The first thing that comes to mind when one thinks about a cam profile is the actual shape of the lobe. In the cam profile design world, the lift table is the cam profile, not the shape of it. The actual cam profile shape (excluding the physical dimensions) is of little importance.
As talked about in previous blogs, the lift table shows the tappet height at each degree of cam profile rotation. There is also a sample lift table shown in a previous blog. What may not be clear to some is that the lift table does not represent any particular type of tappet. The table only shows tappet height. The lift table could be exactly the same whether the tappet was a roller or a flat style. The table could also be the same no matter the diameter of the tappet or roller wheel. Sound confusing? It’s really not.
The cam profile shape is created by the lift table and the tappet used. As long as it is physically possible, any tappet can be used with any lift table. Using the same lift table, the type of tappet will determine the shape of the cam profile. Obviously, a roller profile and a flat profile will look different, but the valve movement will be exactly the same. The tappet height at each degree of rotation will be the same. The lobe shape combined with a particular tappet will determine the tappet height. Make sense now?

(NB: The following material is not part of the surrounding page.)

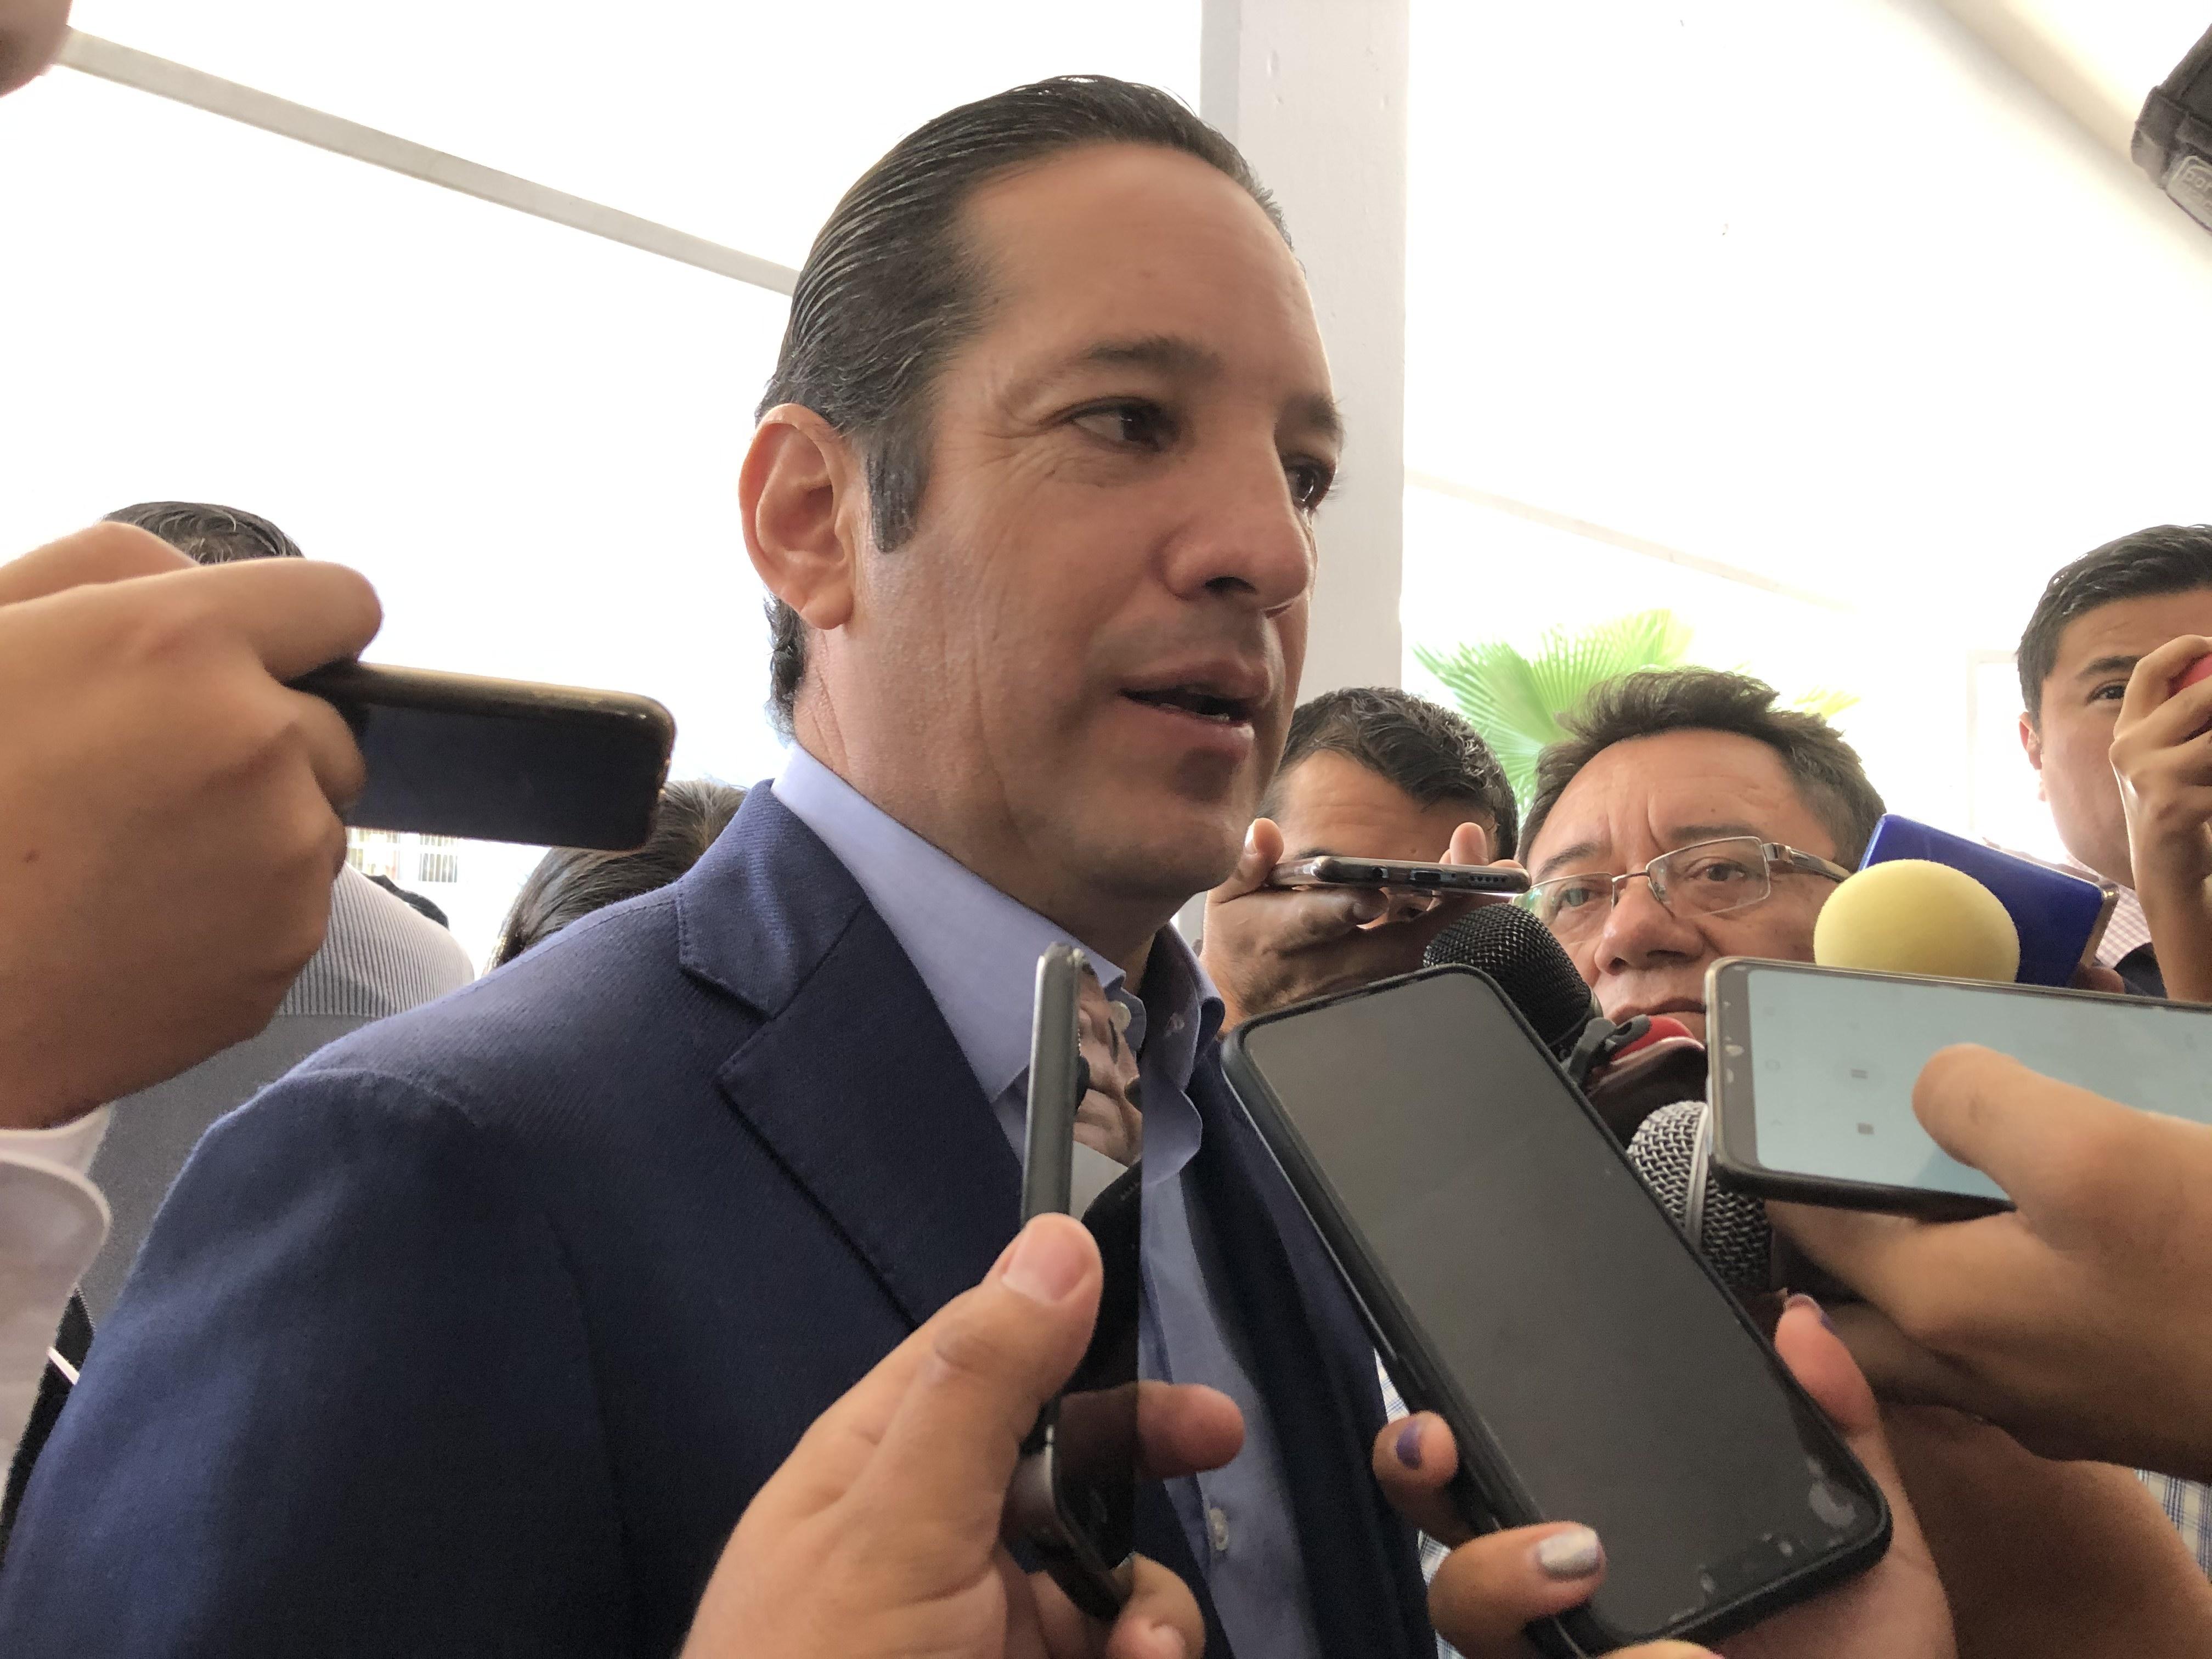 EUA no debe etiquetar violencia en México, considera Pancho Domínguez

Many times a flat profile cannot be made from the same lift table as a roller profile, because the velocity will be too high for the diameter of the flat tappet face. A roller profile might encounter a severe negative radius when made from the lift table of a flat profile. Make sure you have read and understand all of the previous blogs if this is not making sense. If none of these or any other physical problems occurs, the same lift table can be used to produce a flat and a roller cam profile. The finished cam profile would still need to comply with all of the other design parameters to be a good profile.
To sum it up, the profile design procedure will create the lift table. Based on the type of tappet that will be used, the cam profile shape is then created and the final design is accepted after much trial and error until all of the parameters are met. Computer software allows all of this to happen very quickly even though separate steps are actually taking place.